To Climate-proof Urban Systems, Spaces, and Stories
“Disability only becomes a tragedy when society fails to provide the things we need to lead our lives—job opportunities or barrier-free buildings… It is not a tragedy to me that I'm living in a wheelchair,” said Judy Heumann, an American disability rights activist widely regarded as the "Mother of the Disability Rights Movement." Coming from a woman who used a wheelchair for more than fifty years, this suggests the severity of the impact that the lack of an accessible physical environment has on persons with disabilities (PwDs). With PwDs estimated to form nearly 16 percent (1.3 billion people) of the world's urban population, inaccessible urban social infrastructure is a key issue that needs attention.
Urban social infrastructure (USI) refers to ‘infrastructures of social care’ that offer health, education, employment, transport, entertainment, and other civic services and determine the quality of life. The absence of or inaccessibility of USI not only puts PwDs at a disproportionate disadvantage in running their everyday lives, but also multiplies their risk in the event of climate emergencies, including flash floods, cyclones, heat waves, and earthquakes, to get necessary evacuation and rehabilitation services.
The findings published by the Internal Displacement Monitoring Centre (IDMC), South Asia, present the state of inaccessible makeshift washrooms and bathing areas for PwD women in the relief camps of Cyclone Amphan, Bangladesh, and their fear of harassment. As the intensity and frequency of climate disasters are expected to increase and continue even if we achieve net zero by 2050 (due to long-horizon periods of greenhouse gases and complex climate feedback loops), both mainstream urban climate change adaptation (CCA) and specialised climate disaster relief (CDR) efforts should place ‘USI as levers for social inclusion and cohesion’ and shape them through the lived realities of PwDs instead of ‘dehumanised data’.

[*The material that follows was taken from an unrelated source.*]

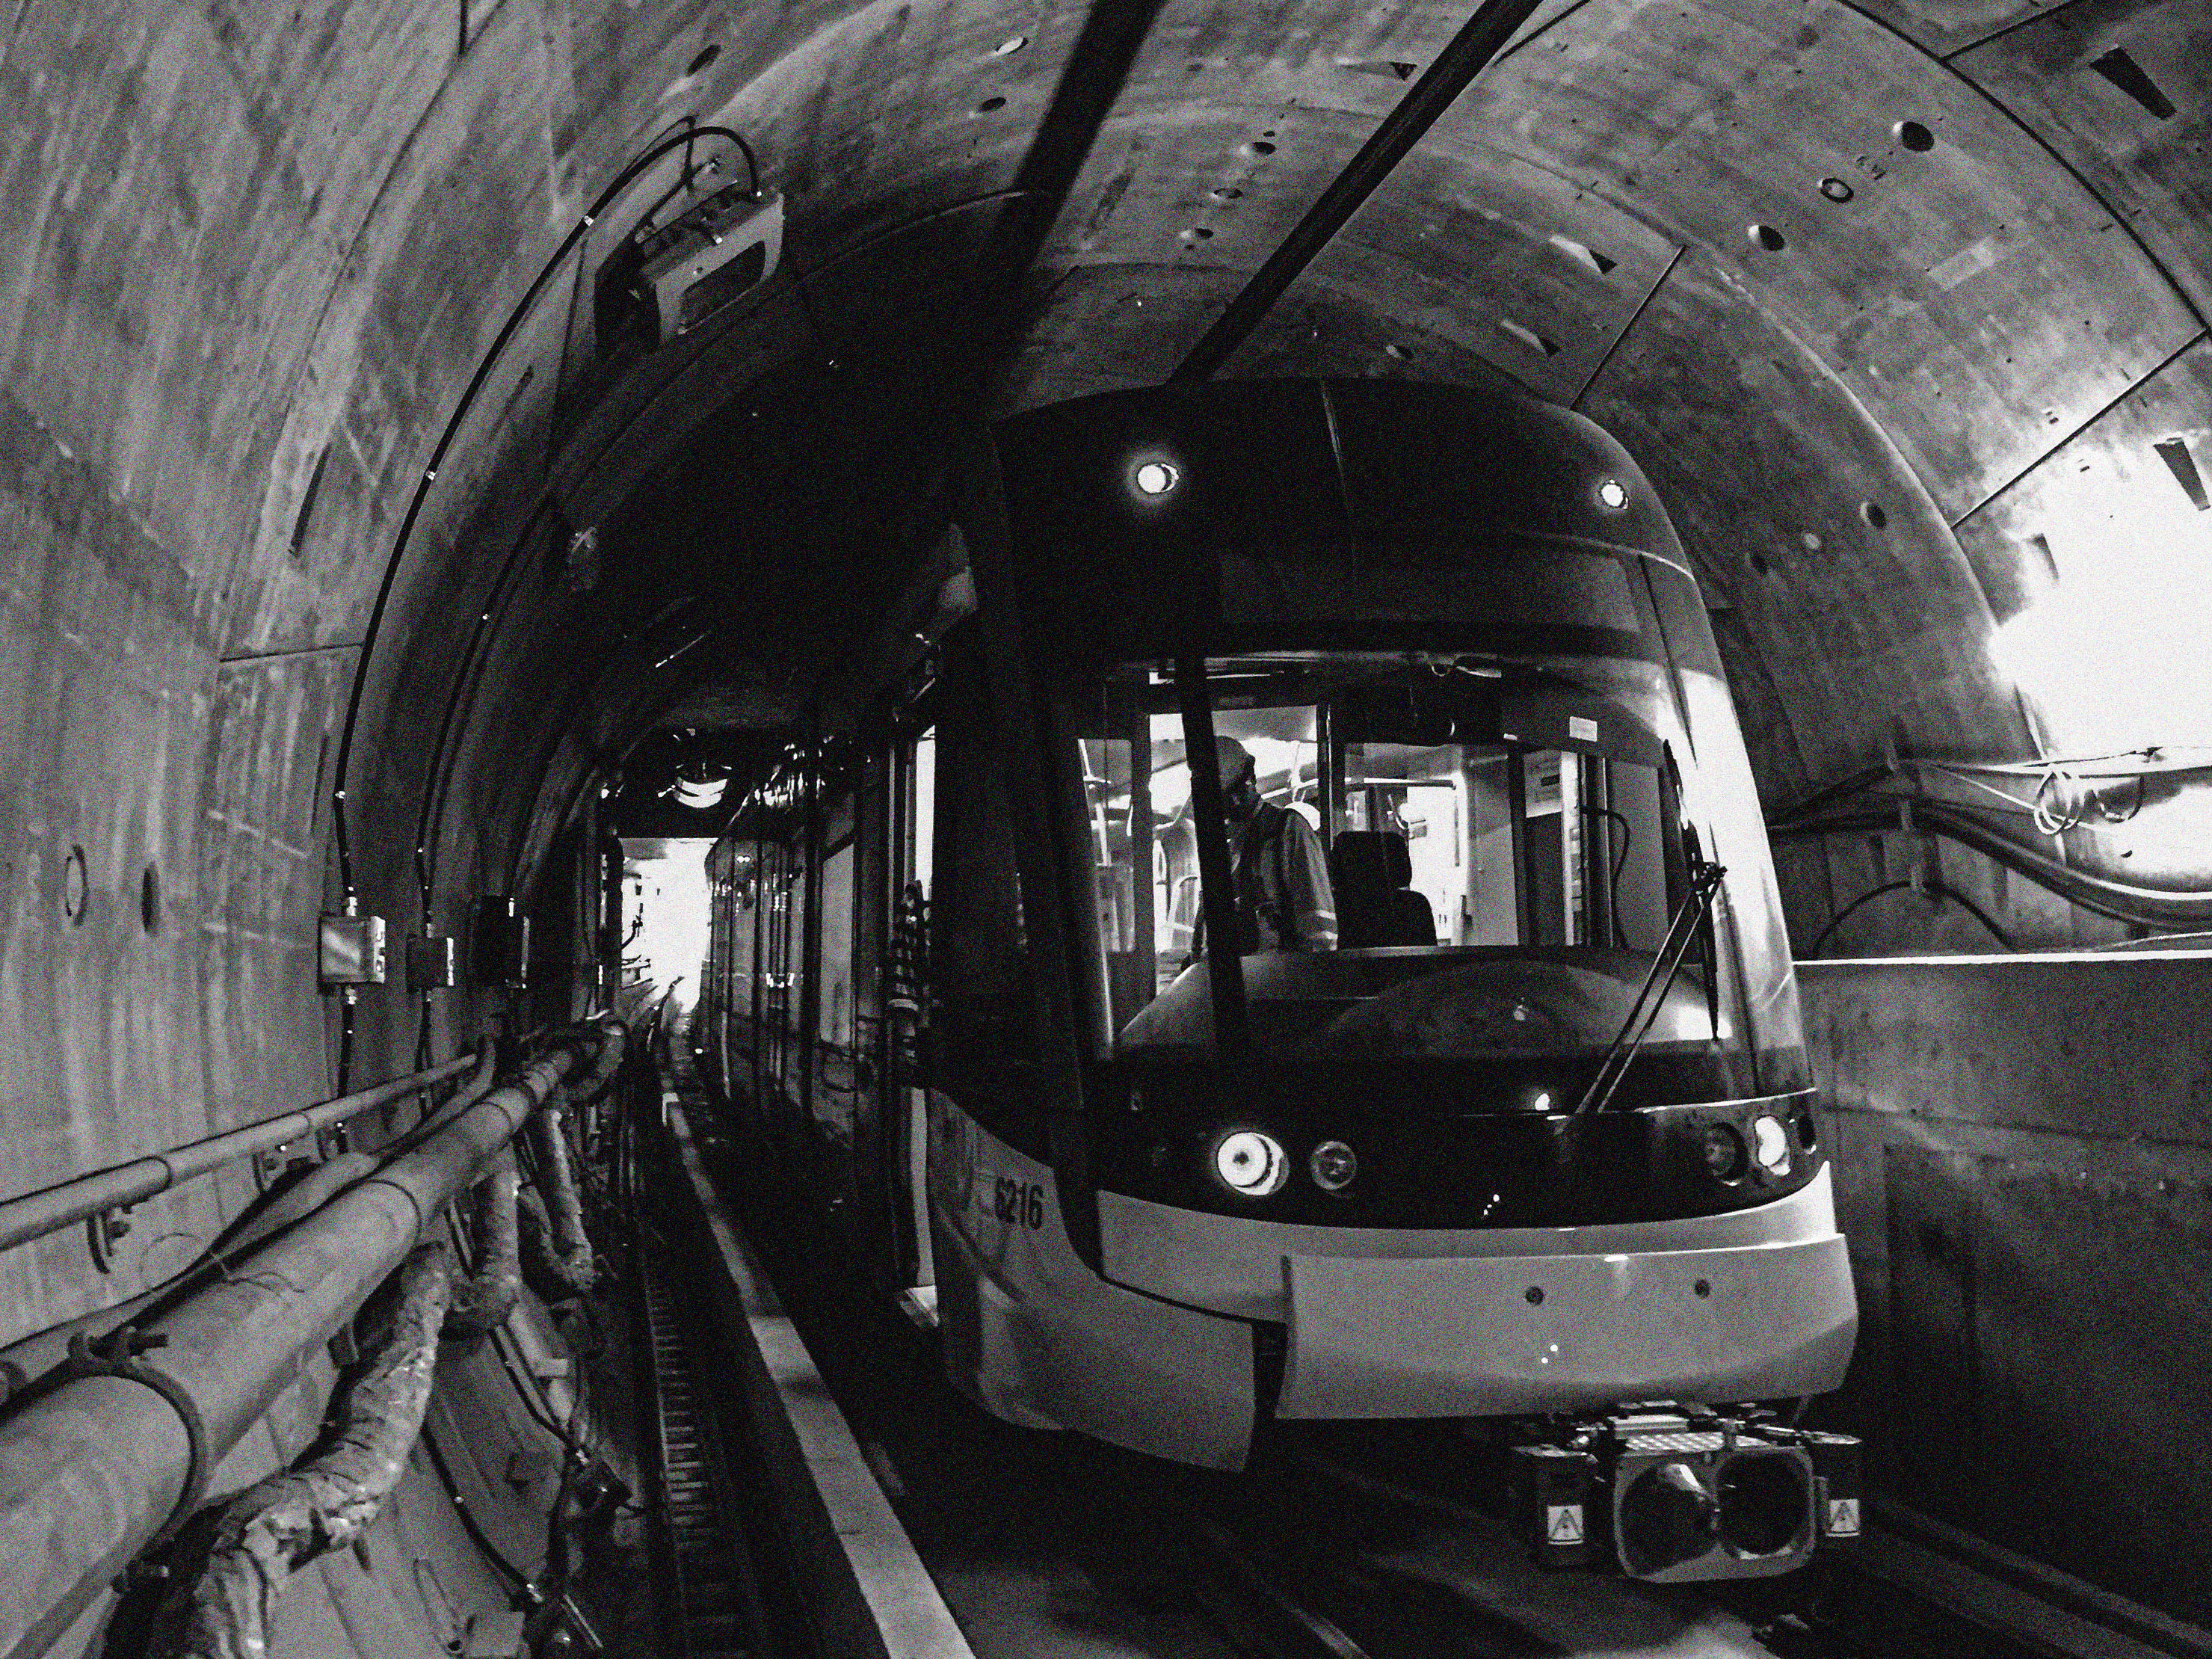 An LRV waits inside a tunnel.

80 percent of PwDs live in low- and middle-income countries; about 200 billion sq m of additional floor space is projected to be built in Asia and Africa by 2050; and the global adaptation financing gap has increased to US$ 194-366 billion a year. This context presents the inevitable need to achieve inclusive design urgently and cost-effectively, especially in the Global South. Therefore, it is paramount that cities approach USI through the three-level Gender and Inclusion Framework (G&I) of the Infrastructure and Cities for Economic Development (ICED)—minimum compliance, empowerment, and transformation—to progressively enable inclusive and improved climate response and recovery in the near term and strengthen resilience in the long term for PwDs.
Further, to leave no one behind, we must include everything left behind. Though Judy Heumann explicitly said ‘barrier-free buildings’, can the issue be restricted only to buildings or spatial infrastructure? No, that would be a piecemeal approach. To drive and deliver an effective USI, I propose that design innovation is essential across institutional structures and policies (systems), built environment (spaces), and cultural communication (stories)—an ‘SSS framework’. A new thinking-and-doing model for ‘inclusive design’ that combines the G&I framework for answering ‘How to intervene?’ and the SSS framework for answering ‘Where to intervene?’ could place PwDs at the heart of city-making and climate resilience.
The table below illustrates recommendations for CCA and CDR to build and strengthen neighbourhood-level, disability-inclusive (DI) USI through the G&I and SSS frameworks.
In addition to inclusivity and accessibility, the quality of USI is measured by its abundance and diversity in terms of scale and typologies. Understanding disability as a non-homogenous identity could pave the way for thinking beyond ‘ramps and automatic doors’, embracing diversity as the foundational value, and creating surplus USI that leaves no one behind, even in times of climate crisis. Through this piece, I urge for an intersectional view of inclusive cities and communities, linking climate change adaptation (CCA), climate disaster relief (CDR), disability, and urban social infrastructure (USI). Such an intersection could place disability inclusion and innovation as the drivers for climate-proofing urban systems, spaces, and stories.
Though I have been using Systems-Spaces-Stories (SSS) as a framework for policy and design thinking for nearly three years, this is the first blog post explicitly showing its application. Future blogs will continue to build on this framework.